4. **HOST-SIDE — "wait/retry on pending" — this is what you asked about, but it's a Claude Code (MCP client) behavior, not codegraph's to fix.** codegraph can't make the agent retry. Options: (a) raise it with Anthropic as an MCP-client improvement (don't let the agent's first turn proceed until configured MCP servers finish connecting, or retry `pending` servers); (b) note `MCP_TIMEOUT` exists but did **not** help here, because the problem is *tool exposure timing*, not a connection timeout. Frame this as a request, and lean on (1)–(3) for what we control.

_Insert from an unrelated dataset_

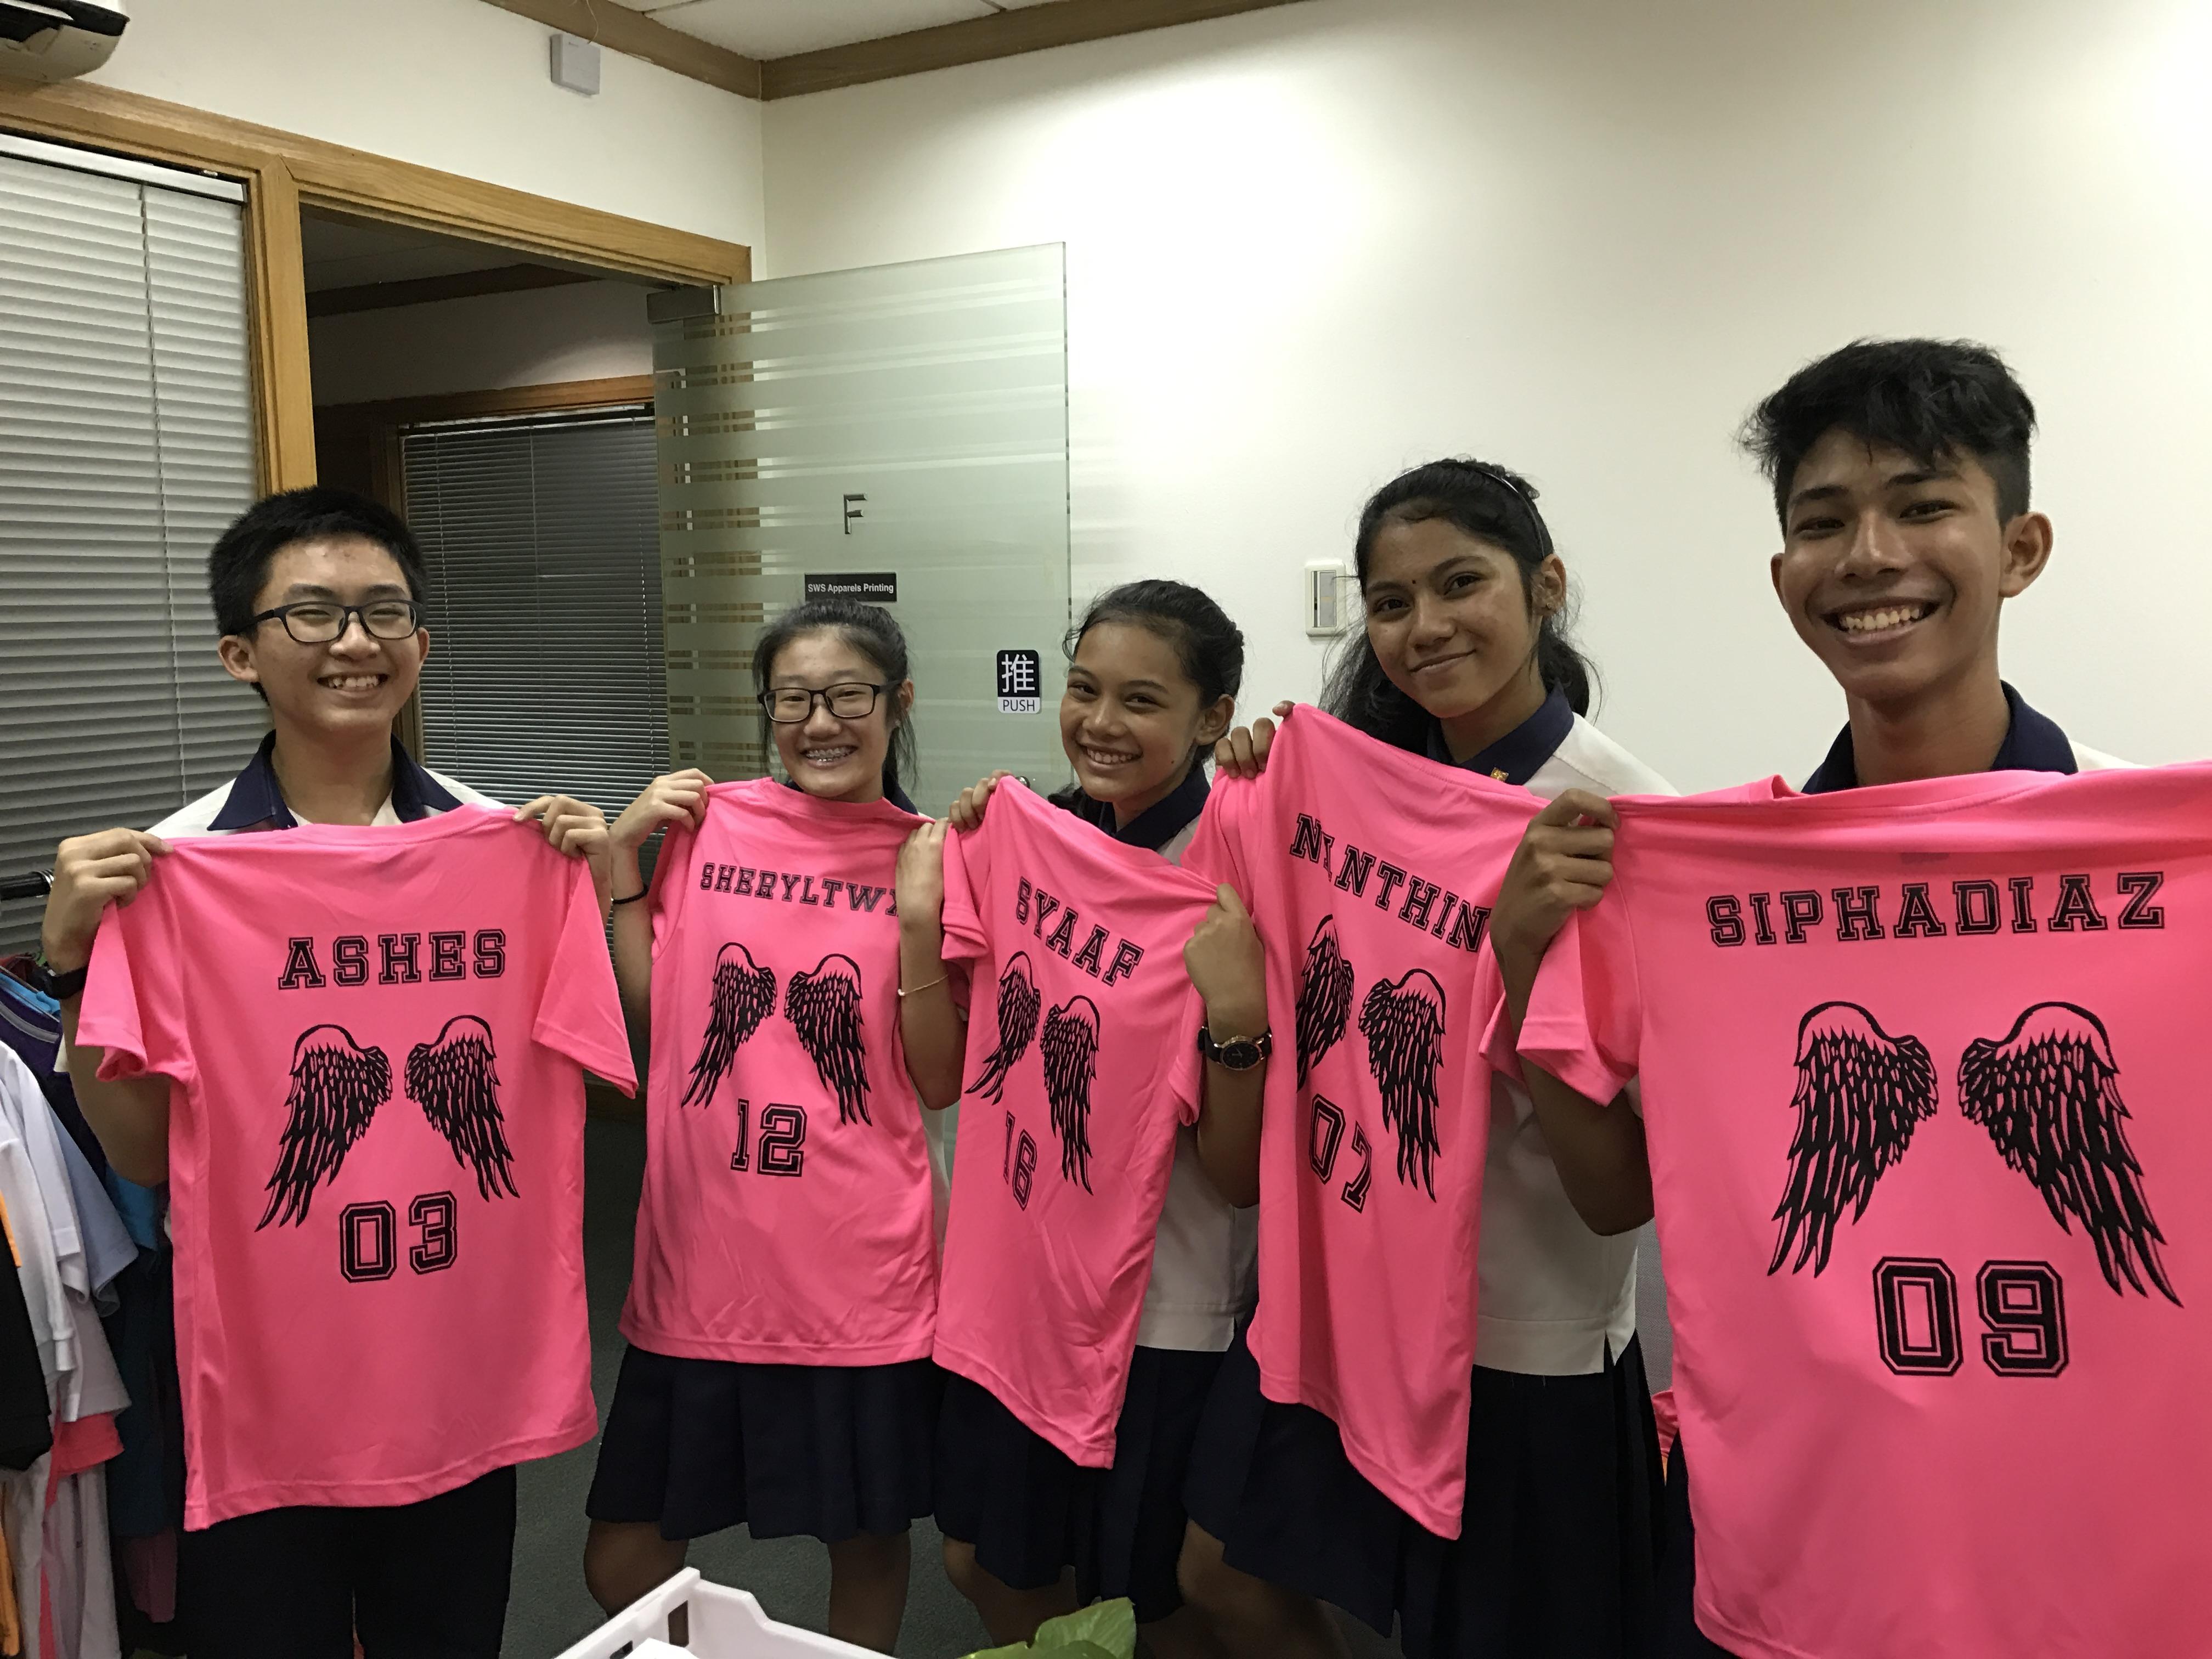 Class T Shirt Printing T Shirt Printing Singapore Singapore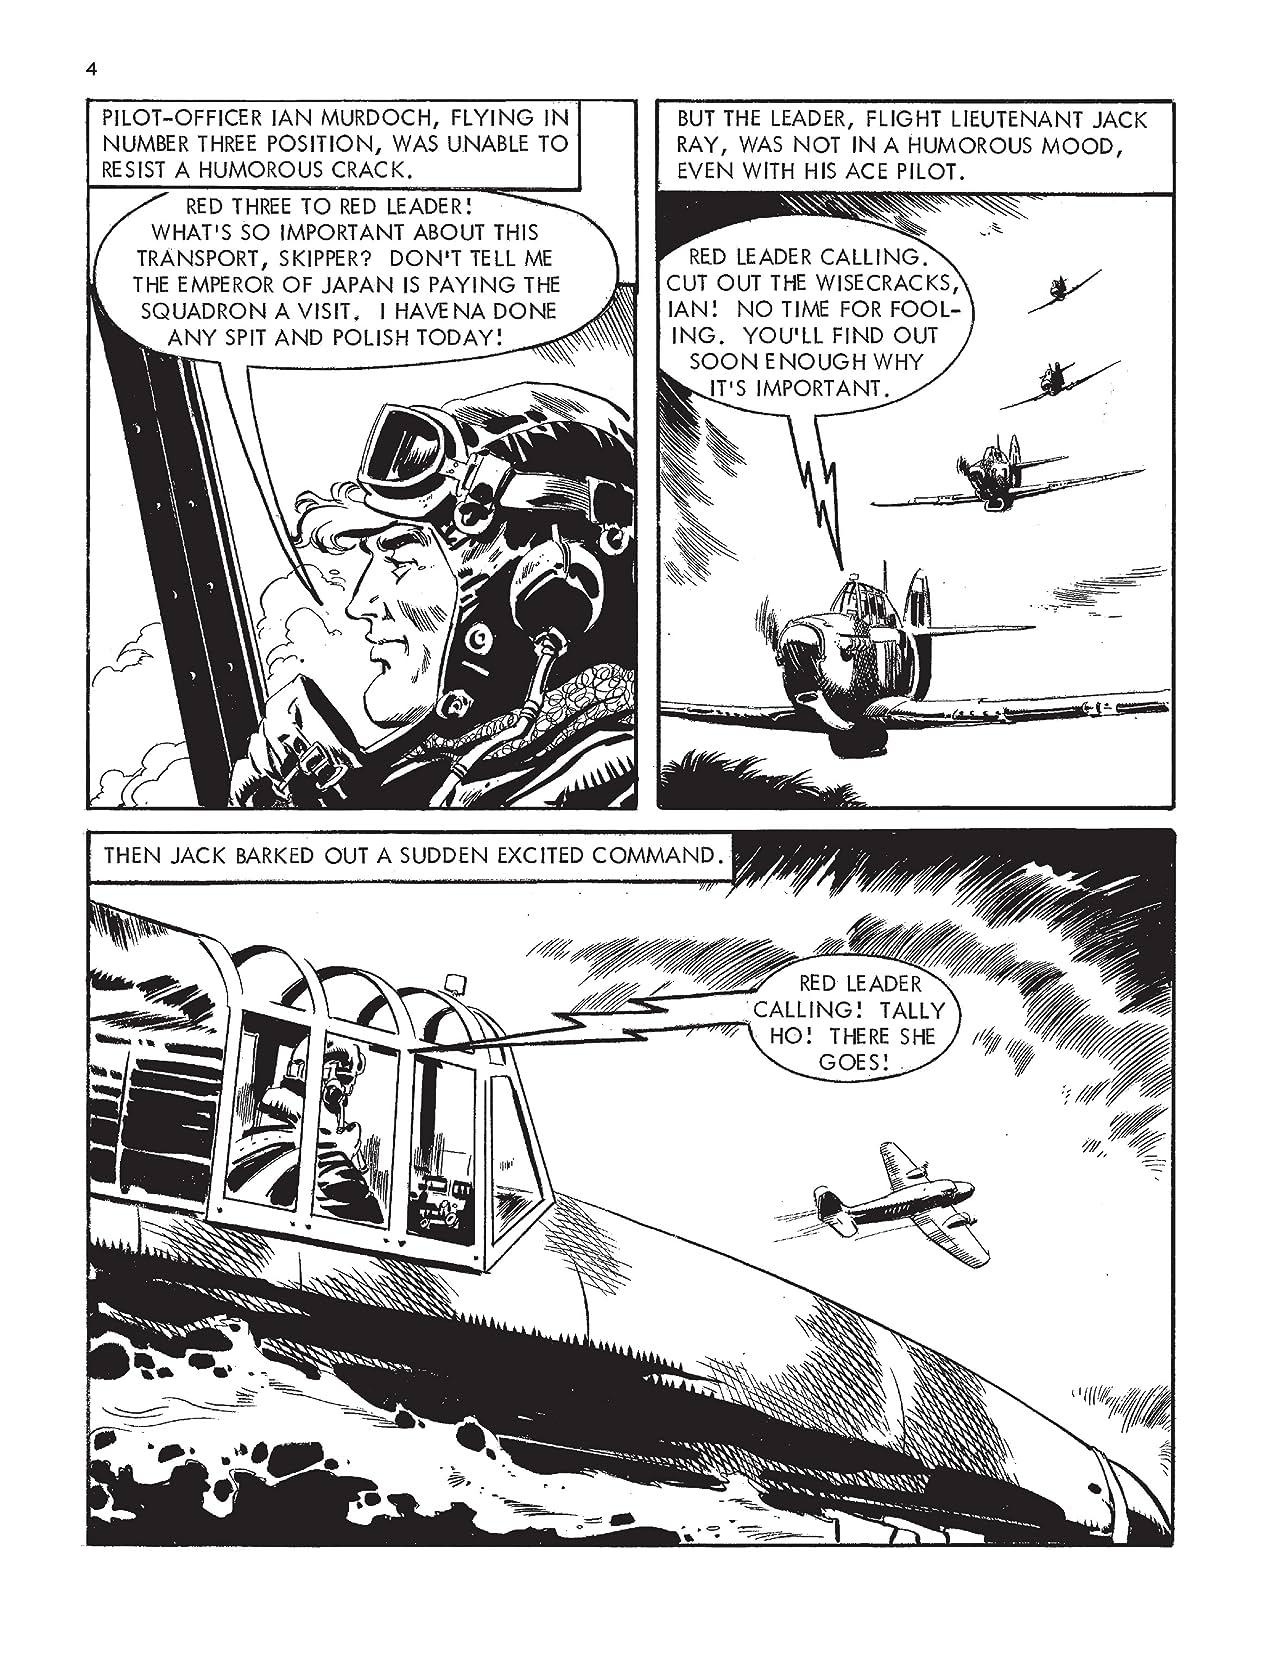 Commando #4844: Hurricane Ace

**Recommendation:** chase **idea 1** (decouple `tools/list` from the daemon). It's the fix that makes codegraph "connected" instantly for everyone. Ship **idea 3** (pre-warm SessionStart hook) as a cheap mitigation in parallel. File the host-side request (4) but don't depend on it.

---

## Key files / pointers

- **Steering / tools:** `src/mcp/server-instructions.ts` (the `initialize` instructions — single source of truth), `src/mcp/tools.ts` (tool descriptions + handlers; `handleNode`/`handleFileView`/`handleSearch`, `getStaticTools`).
- **Startup / daemon / proxy:** `src/mcp/proxy.ts` (`runProxy`, `connectWithHello`, `runLocalHandshakeProxy`, PPID watchdog), `src/mcp/index.ts` (`runProxyWithLocalHandshake`, `spawnDetachedDaemon`), `src/mcp/daemon.ts`.
- **Runtime flags:** `src/extraction/wasm-runtime-flags.ts` (`RELAUNCH_GUARD_ENV=CODEGRAPH_WASM_RELAUNCHED`, `HOST_PPID_ENV=CODEGRAPH_HOST_PPID`).
- **Hooks (existing):** `scripts/agent-eval/block-read-hook.sh`, `scripts/agent-eval/hook-settings.json` (the eval's force-Read-0 hook — basis for the P1 redirect hook).
- **Installer (where to add a recommended hook):** `src/installer/targets/claude.ts`.
- **Eval harness:** `scripts/agent-eval/ab-new-vs-baseline.sh` (new-vs-baseline, pre-warm baked in), `run-all.sh` (with-vs-without), `parse-run.mjs` (tool-by-type counts; `codegraph tools exposed: 0` + 0 codegraph calls = ran without).
- **Doctrine:** `CLAUDE.md` → "Retrieval performance & dynamic-dispatch coverage" + the agent-eval note under "Validation methodology".

## How to validate anything here
- **P1 (Read displacement):** `bash scripts/agent-eval/ab-new-vs-baseline.sh <indexed-repo> "<implementation task>" [baseline-ref]` — compare `Read` vs `mcp__codegraph__*` counts. ≥2 runs/arm (n=1 is noisy). Run non-nested for cleanest results. Use a *genuinely new* feature task (verify it doesn't already exist — the first A/B attempt wasted a run on an already-implemented `--quiet`).
- **P2 (startup):** time `tools/list` from `serve --mcp` (above); and count cold-start runs where `init` shows `connected` + tools > 0. Don't trust a single `pending` init snapshot — confirm by whether the agent actually called codegraph.

## Constraints / gotchas to remember
- Descriptions/instructions are low-salience — **A/B every behavioral claim**, don't ship wording on faith.
- New tools < extending existing ones.
- The host's `init` snapshot can say `pending` even when the server then connects — judge by actual usage.
- Don't run evals nested for "clean" numbers unless pre-warmed; even then, a real terminal is better.

## Suggested start order for the fresh session
1. **P2 idea 1** — verify whether `serve --mcp` answers `tools/list` locally/instantly; if not, decouple it from the daemon. (Highest-value, shippable, helps all users, no behavioral guesswork.)
2. **P1 idea 1** — prototype the PreToolUse(Read) redirect hook; A/B it. (Highest-value behavioral lever.)
3. Ship the P2 SessionStart pre-warm hook as a mitigation; file the host-side wait/retry request.